Create a Magika configuration object for file type detection.

Arguments

prediction_mode::PredictionMode: Confidence threshold mode for predictions.
- HIGH_CONFIDENCE: Only returns predictions with high confidence specific to each content type
- MEDIUM_CONFIDENCE: Balanced approach using a medium confidence threshold
- BEST_GUESS: Always returns the most likely prediction regardless of confidence
no_dereference::Bool: When true, symbolic links are identified as links rather than their targets

Examples

# Create a detector with default settings
m = MagikaConfig()

# Create a detector that doesn't follow symlinks and uses medium confidence
m = MagikaConfig(prediction_mode=MEDIUM_CONFIDENCE, no_dereference=true)

source

Magika.MagikaPrediction — Type

struct MagikaPrediction

Container for the prediction results from Magika's deep learning model.

Fields

dl::ContentTypeInfo: The raw prediction directly from the deep learning model, before applying confidence thresholds or overwrite rules
output::ContentTypeInfo: The final prediction after applying confidence thresholds and overwrite rules
score::Float32: Confidence score between 0.0 and 1.0 indicating how certain the model is about its prediction
overwrite_reason::OverwriteReason: Enum explaining why the final output might differ from the raw model prediction:
- NONE: No overwrite occurred, output matches raw prediction
- LOW_CONFIDENCE: Prediction was downgraded due to low confidence score
- OVERWRITE_MAP: Prediction was replaced according to predefined mapping rules

Notes

The distinction between dl (deep learning raw output) and output (final decision) is crucial for understanding Magika's behavior. In some cases, especially with low-confidence predictions, Magika will "downgrade" specific predictions to more generic types (e.g., from a specific programming language to generic "text") for safety and reliability.

The confidence score should be considered when making security-critical decisions about file handling.
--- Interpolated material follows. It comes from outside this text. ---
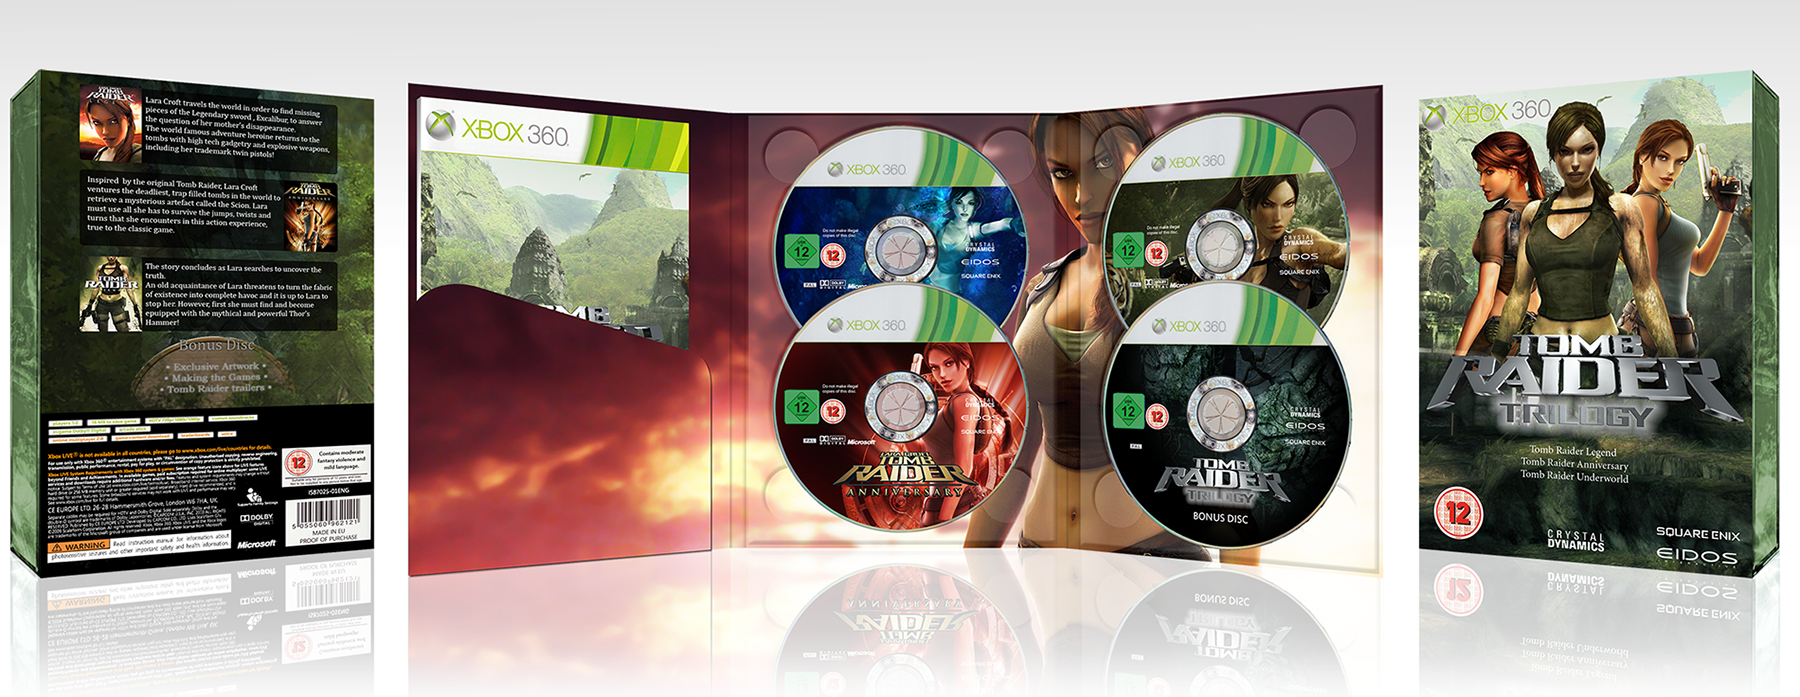 Tomb Raider Trilogy box cover

Higher scores indicate more reliable predictions.

Example

m = MagikaConfig()
result = identify_path(m, "unknown_file")

if is_ok(result)
    pred = result.prediction
    
    # Access final prediction
    println("Detected as: $(pred.output.description)")
    println("Confidence: $(pred.score)")
    
    # Check if prediction was modified from raw model output
    if pred.overwrite_reason != NONE
        println("Original prediction ($(pred.dl.description)) was modified because: $(pred.overwrite_reason)")
    end
    
    # Use confidence score to make decisions
    if pred.score > 0.9
        println("High confidence prediction - safe to process automatically")
    elseif pred.overwrite_reason == LOW_CONFIDENCE
        println("Low confidence prediction - consider human verification")
    end
end

source

Magika.MagikaResult — Type

struct MagikaResult

Container for file identification results.

Fields

path::String: Path or identifier of the analyzed content
status::Status: Status of the identification operation (OK, FILE_NOT_FOUND_ERROR, etc.)
prediction::Union{MagikaPrediction, Nothing}: Prediction details when status is OK

Accessors

Use is_ok(result) to check if identification was successful
When successful, access prediction details via result.prediction

source

Magika.ModelConfig — Type

struct ModelConfig

Configuration parameters for the Magika deep learning model. This struct contains all the hyperparameters and settings needed for feature extraction and prediction.

Fields

beg_size::Int: Number of bytes to extract from the beginning of a file for feature extraction.
mid_size::Int: Number of bytes to extract from the middle of a file (currently not used in inference).
end_size::Int: Number of bytes to extract from the end of a file for feature extraction.
use_inputs_at_offsets::Bool: Flag indicating whether to use content at specific byte offsets (reserved for future use).
medium_confidence_threshold::Float32: Default confidence threshold used in MEDIUM_CONFIDENCE prediction mode.
min_file_size_for_dl::Int: Minimum file size (in bytes) required to use the deep learning model. Smaller files use simpler detection methods.
padding_token::Int: Byte value used for padding when file content is shorter than required feature size.
block_size::Int: Size of data blocks read from files during feature extraction.
target_labels_space::Vector{ContentTypeLabel}: Vector of all possible content type labels the model can predict.
thresholds::Dict{ContentTypeLabel, Float32}: Content type-specific confidence thresholds used in HIGH_CONFIDENCE mode.
overwrite_map::Dict{ContentTypeLabel, ContentTypeLabel}: Mapping of content types to be automatically overwritten with alternative labels (e.g., for security reasons).

Notes

This configuration is automatically loaded from the model's config file when a MagikaConfig is initialized. Users typically don't need to construct this struct directly.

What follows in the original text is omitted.